On Monday, I got another chance to visit a health center just outside of Lilongwe to observe what’s happening on the ground in Malawi. We were joined by Joyce Kamwana (who you may recall from this very blog just a couple months ago) and some other health center staff, and together we toured the facilities and supplies which are in part provided by the Global Fund.
The center itself is divided into different sections to treat HIV/AIDS, Tuberculosis, Malaria, and so forth. The cohesiveness between the wards is apparent. For example, given the high correlation between HIV/AIDS and Tuberculosis, patients who are diagnosed with TB are also tested for HIV and vice-versa. Just as I saw in Neno, the staff is incredibly competent, capable, and determined to bring good health to the communities they work in.

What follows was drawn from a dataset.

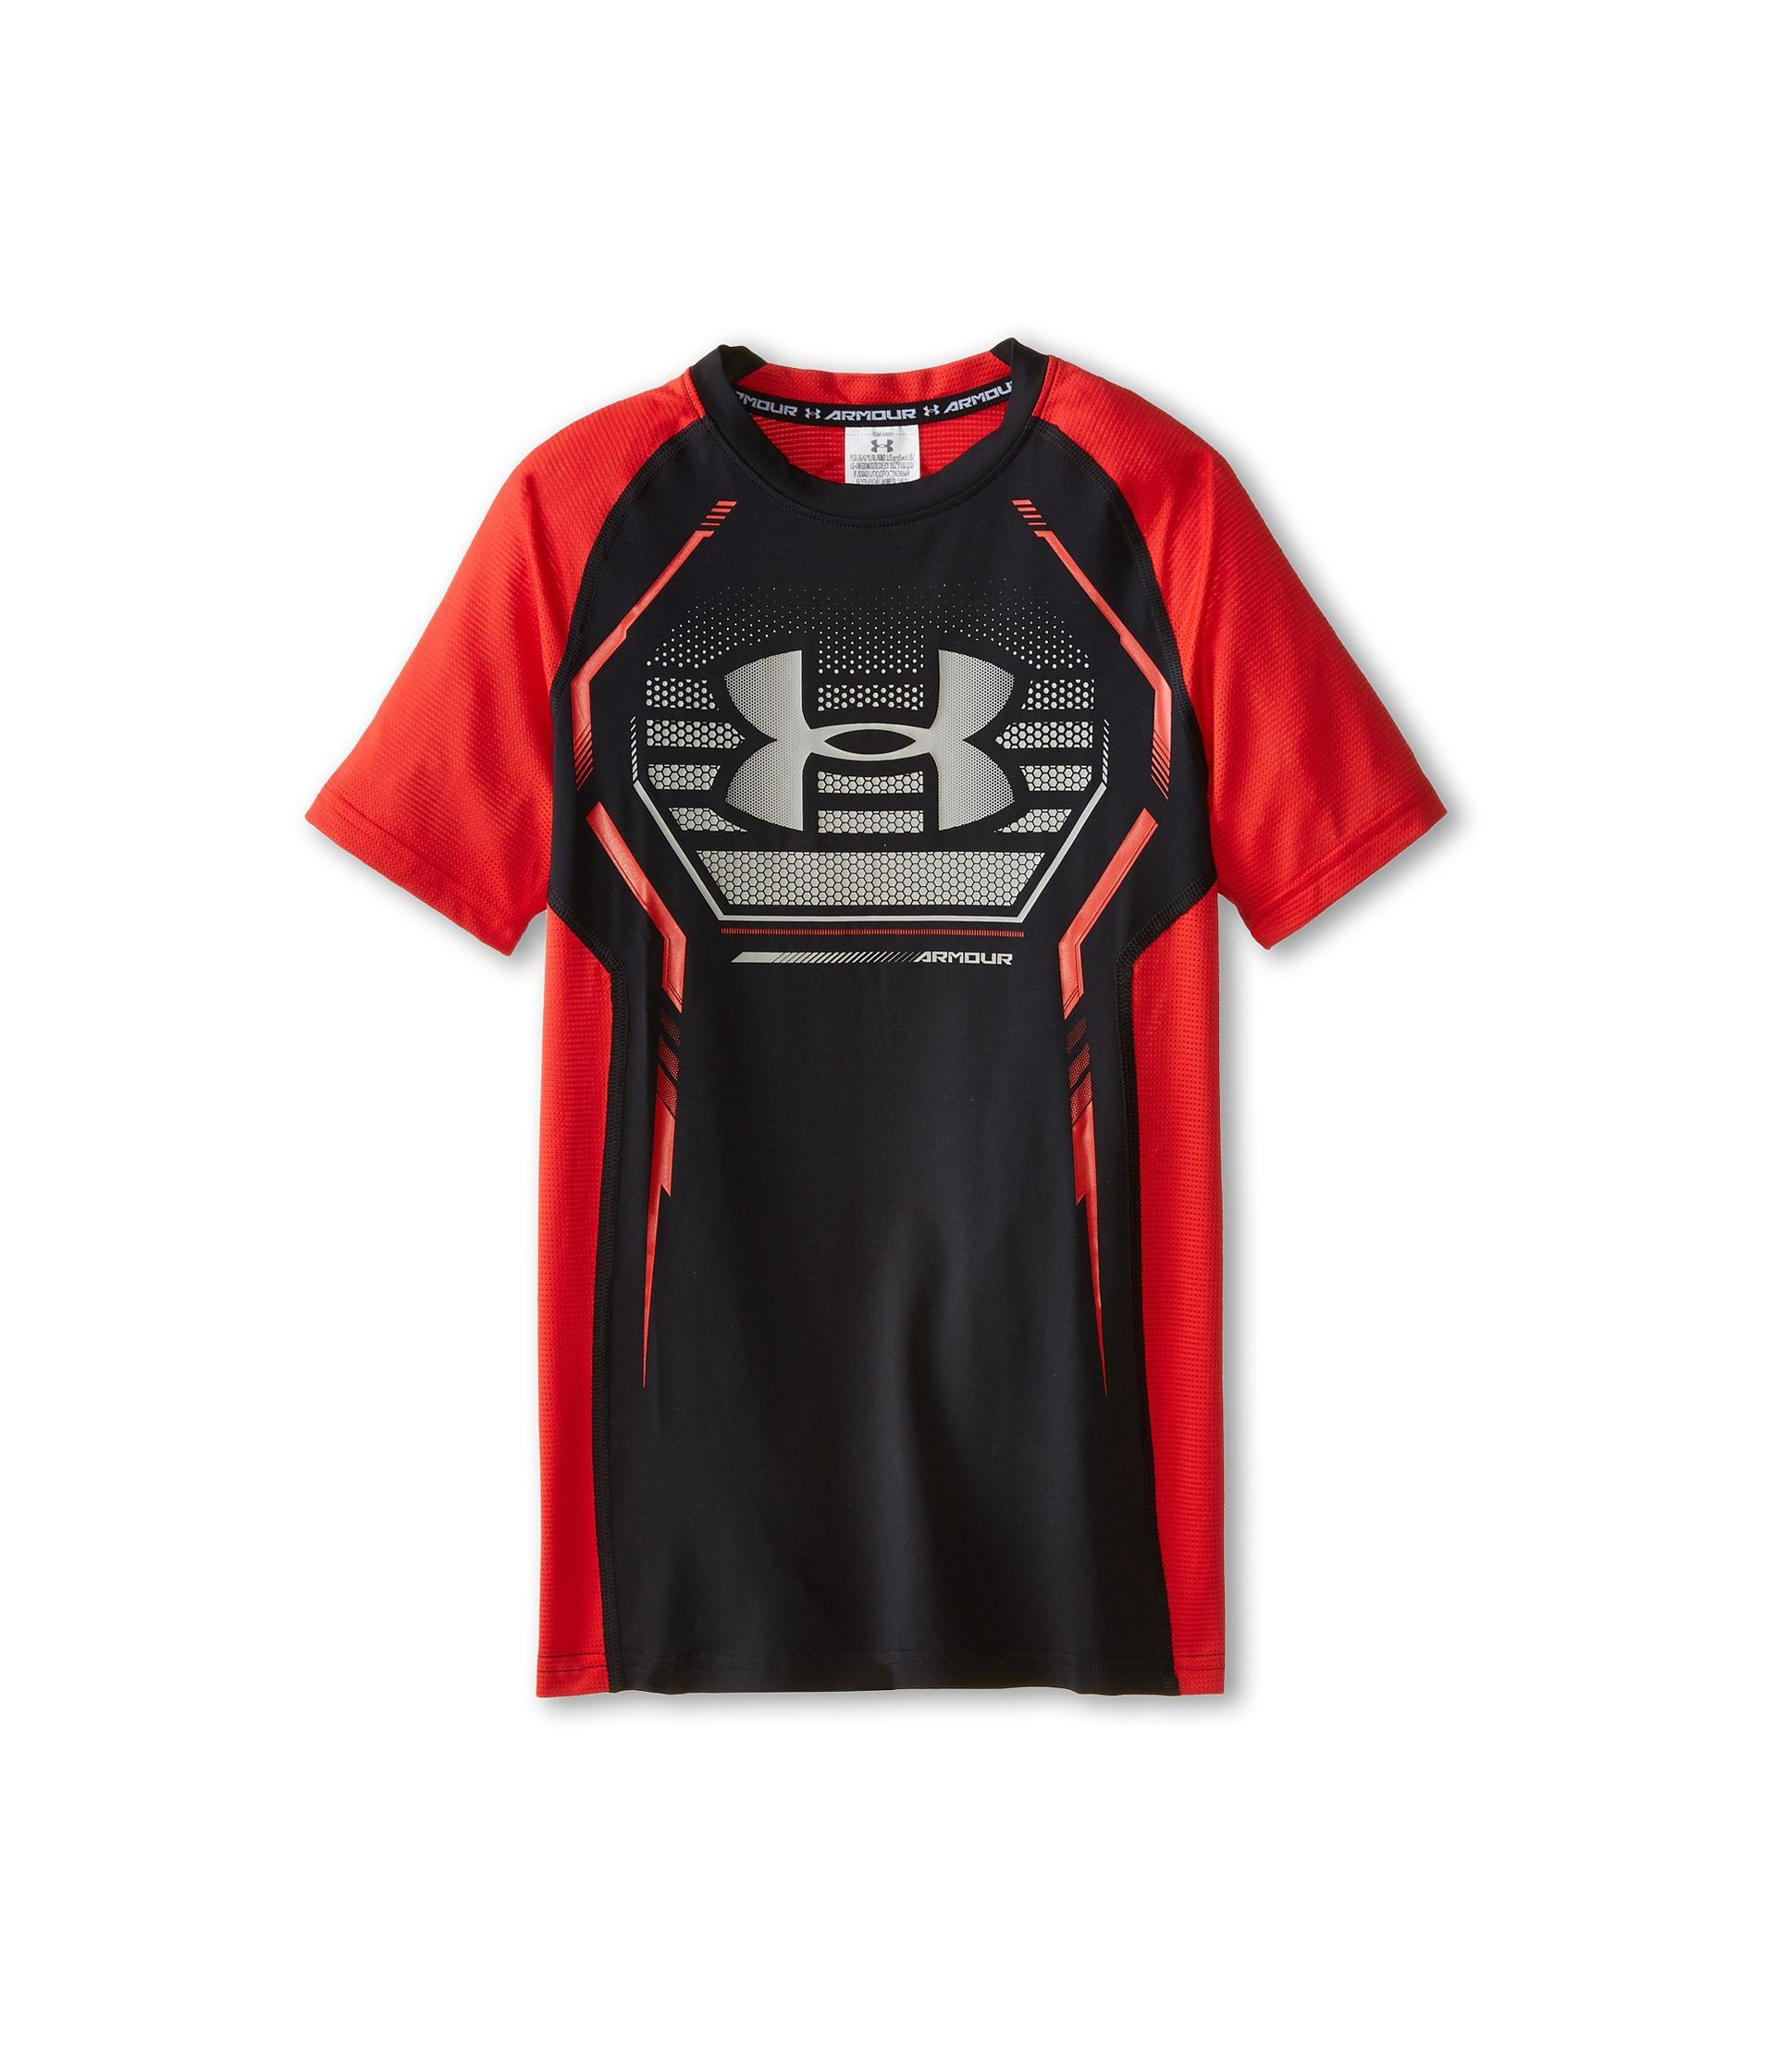 Under armour kids heatgear armour up s s fitted shirt big kids for Under armour shirts for kids

The staff also flagged some positive trends they’ve noticed. More and more, perfectly healthy couples are being screened for HIV instead of first falling ill and then being tested. This was cited as evidence of the eroding stigma around being tested for HIV, and the growing perception that simply being tested isn’t a death sentence. (The diminishing stigma around HIV/AIDS was noted by several Malawians I met this week, in fact.) And more couples are being tested together– there were 36 in October.
But that isn’t to say there aren’t challenges facing the Mitundu Health Centre. An X-ray machine that broke 4 years ago has yet to be repaired due to a lack of resources. And worse, hospital staff is seriously concerned about having enough anti-malarial medication in stock as they approach peak transmission months. Given past trends, the doctors, nurses, and technicians I spoke with estimated they had about 2 months’ worth of medication in stock when they’ll need 4-5 months’ worth to adequately treat their patients during the peak transmission months.